Nintendo seems content with playing it safe when creating first-party series for its Wii U home console. Recent games such as "Super Mario 3D World" and "Donkey Kong Country: Tropical Freeze" provided the fun factor fans expected, but they failed to separate themselves from their predecessors. "Mario Kart 8" ($59.99, rated E for Everyone) continues this mentality, bringing the series into beautiful high definition but stuck firmly in its usual lane.
The series has always been about friendly competition, and the eighth game adapts that formula to the most powerful hardware in Nintendo's arsenal. Some new karts, characters and items are offered, but "Mario Kart 8's" best quality is its transition to high definition.
Visually, it rivals the best-looking games on the more powerful PS4 and Xbox One. Nintendo has always found a way to do more with less, and this game is no exception. The vibrant colors pop from the screen. Time and care went into each course to make it seem as if these racers have been transported to a new world. The tracks are as intricate as their backgrounds and surroundings.
Half of the 32 tracks are updated versions of classics, while single-player mode remains the same as always.. Players compete in various cups -- groups of courses -- with difficulty levels starting at 50cc, and difficulty progresses to 100cc and 150cc. Earning first-place trophies in each cup unlocks the mirror mode, which inverts all the tracks.
Coins have been adopted from the 3DS's "Mario Kart 7." Drivers can collect 10 coins that are scattered around the track. The more coins a driver holds, the faster that character will be. Getting hit with items or tumbling off the track loses three coins. Coins should be in every "Mario Kart" moving forward -- they add a much needed layer of skill.

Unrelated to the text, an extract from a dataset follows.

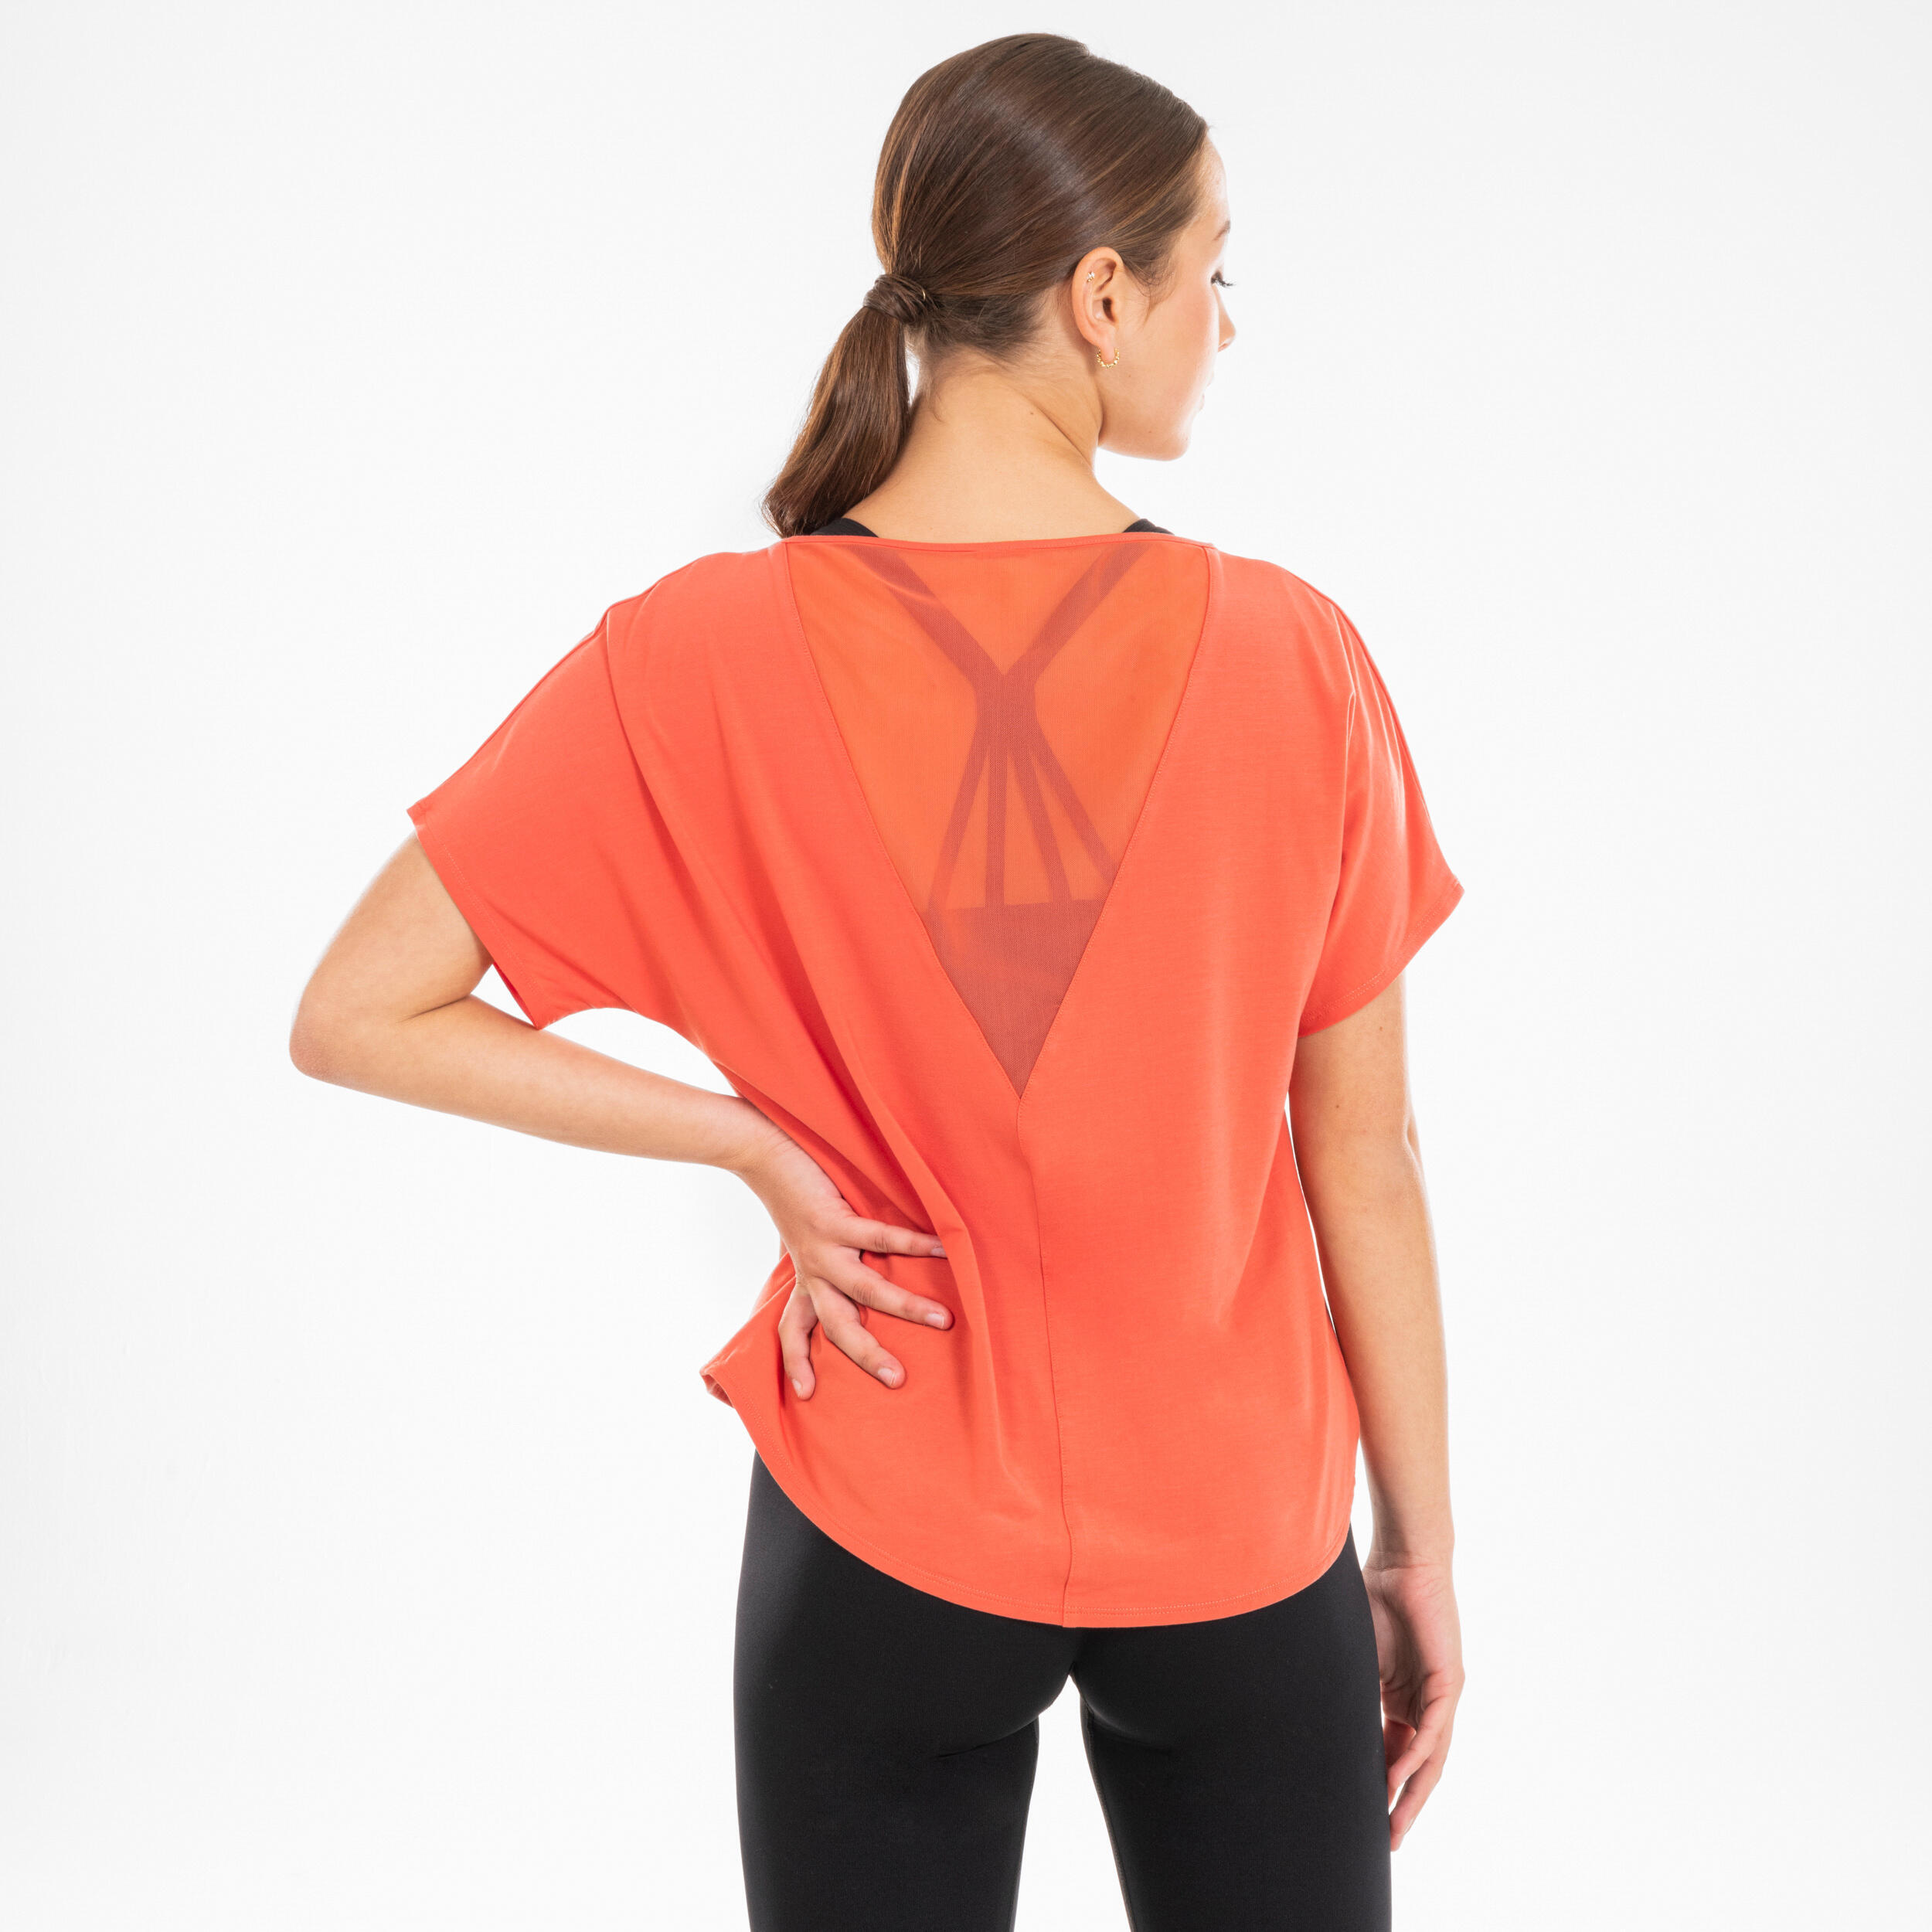 STAREVER Women's Modern Dance Loose-Fit Short-Sleeved T-Shirt - Orange
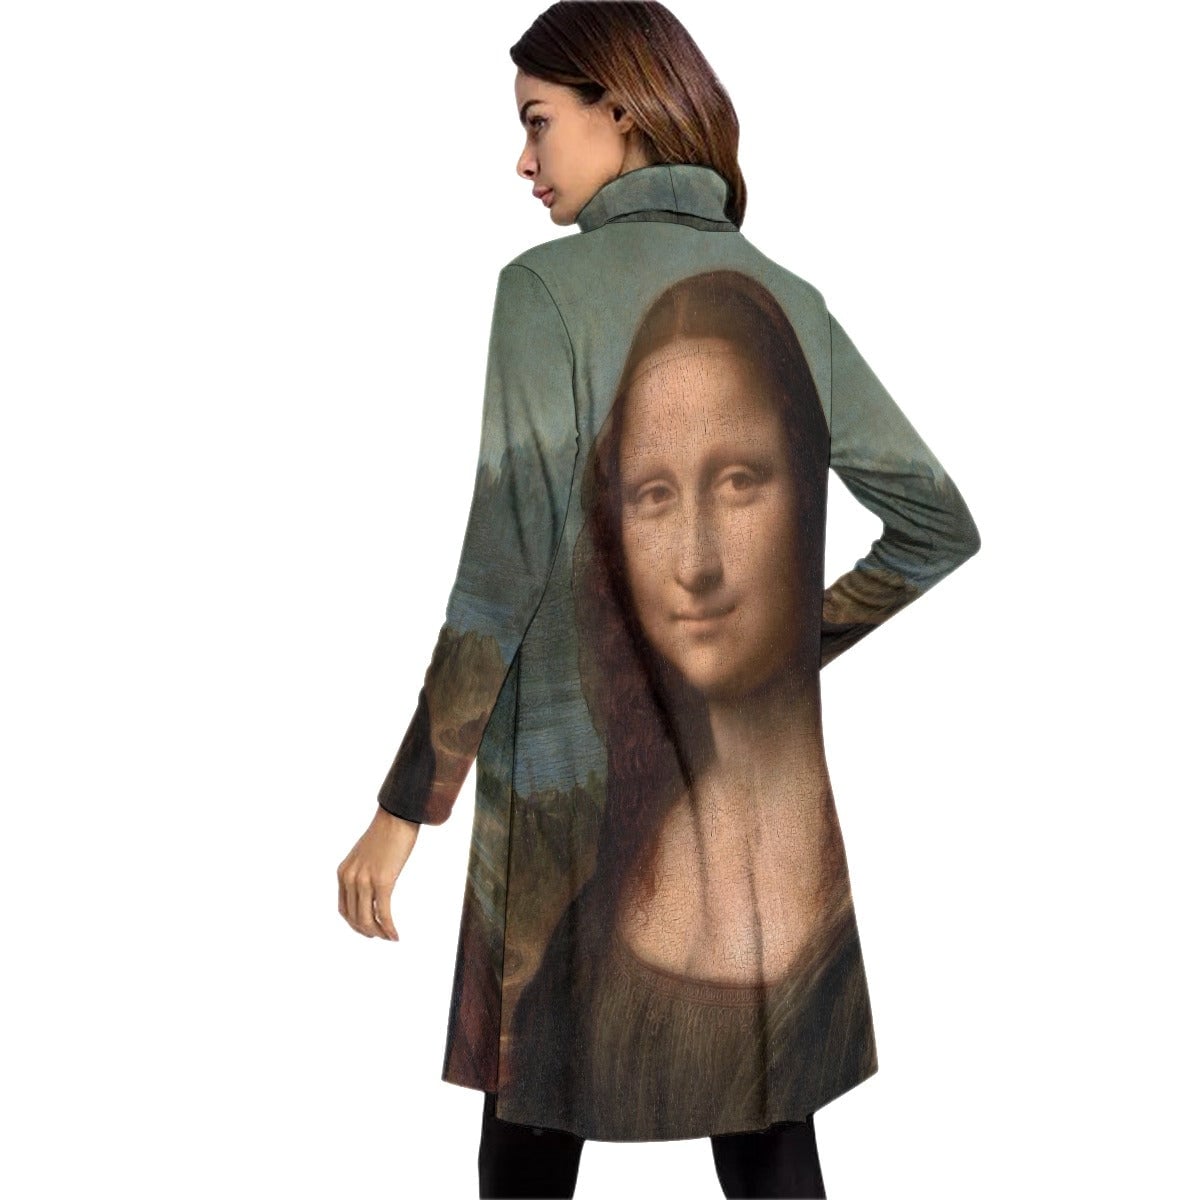 The Mona Lisa by Leonardo da Vinci Art Dress Long Sleeve

The coins unlock new parts that allow players to mix and match wheels and kart bodies to create a custom driving machine. Different parts carry unique attributes that change speed, acceleration, grip and handling. Having a comfortable kart is essential in "Mario Kart 8's" competitive modes.
Skill is needed when venturing into the multiplayer arena. The game features four-player local multiplayer, as well as online play. Online play is smooth but clearly highlights Nintendo's shortcomings. For example, in multiplayer modes, voice chat is an option only in a pre-game lobby in a match among friends. The lack of multiplayer setting adjustments also hinders the experience.
Local and online multiplayer have the option to race or engage in battle mode, the classic "Mario Kart" mode that grants characters three balloons. Getting hit with an item removes a balloon, and the player that removes the most balloons wins. These matches were usually housed in a large open arena, but Nintendo made the wretched decision to move them to tracks. What was once a frantic frenzy of item slinging is now a slow-paced drudge while characters wander around a loop looking for each other.
"Mario Kart 8" is still all about racing friends in a chaotic battle for first place. That old form of fun is present, but this latest edition fails to drive the series forward with meaningful change.